Despite the proven efficacy of stem cells, there are still ethical issues regarding their clinical applications. While hiPSCs are an answer to the ethical concerns and lack of patient specificity of stem cells, hiPSC generation and expansion is cumbersome and needs optimization [197]. Moreover, inefficient reprogramming efficiency of iPSCs, immunogenicity, and teratoma formation upon transplantation pose challenges to the clinical application of hiPSCs [198]. Overcoming these limitations depends on designing well-defined biomaterial-based cell culture strategies for iPSC derivation, expansion, and differentiation. Tissue-engineered scaffolds should not only be able to modulate the presentation and kinetics of reprogramming factors but also provide a conducive microenvironment to facilitate iPSC differentiation.

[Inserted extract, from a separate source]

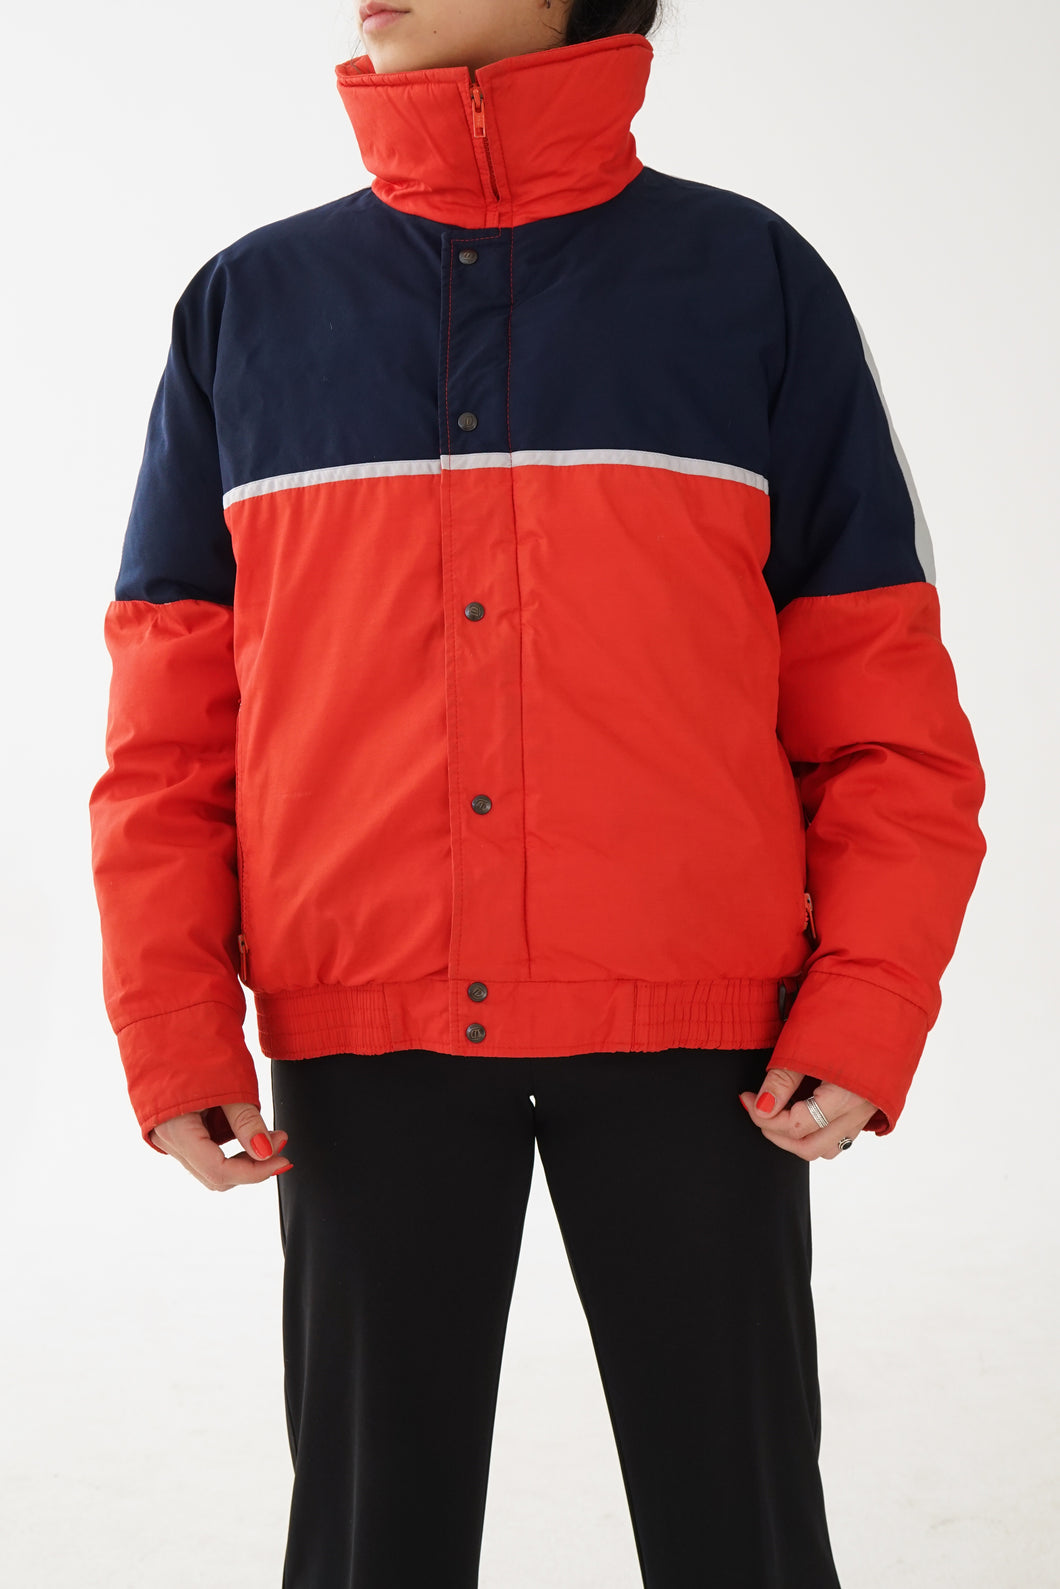 Manteau rétro en duvet Ditrani rouge et bleu foncé pour homme taille 42 (M)

Although there are several technical and clinical issues to be addressed for the application of hydrogels in clinics, the future of these promising biomaterials appears bright. The brain being a challenging target for tissue engineering, successful translation of these biomaterials from bench to bedside requires their site-specific delivery, monitored by noninvasive high-resolution imaging systems. On the whole, tissue-engineered hydrogels have the potential to surmount the present therapeutic challenges that limit restitution of the stroke-injured brain.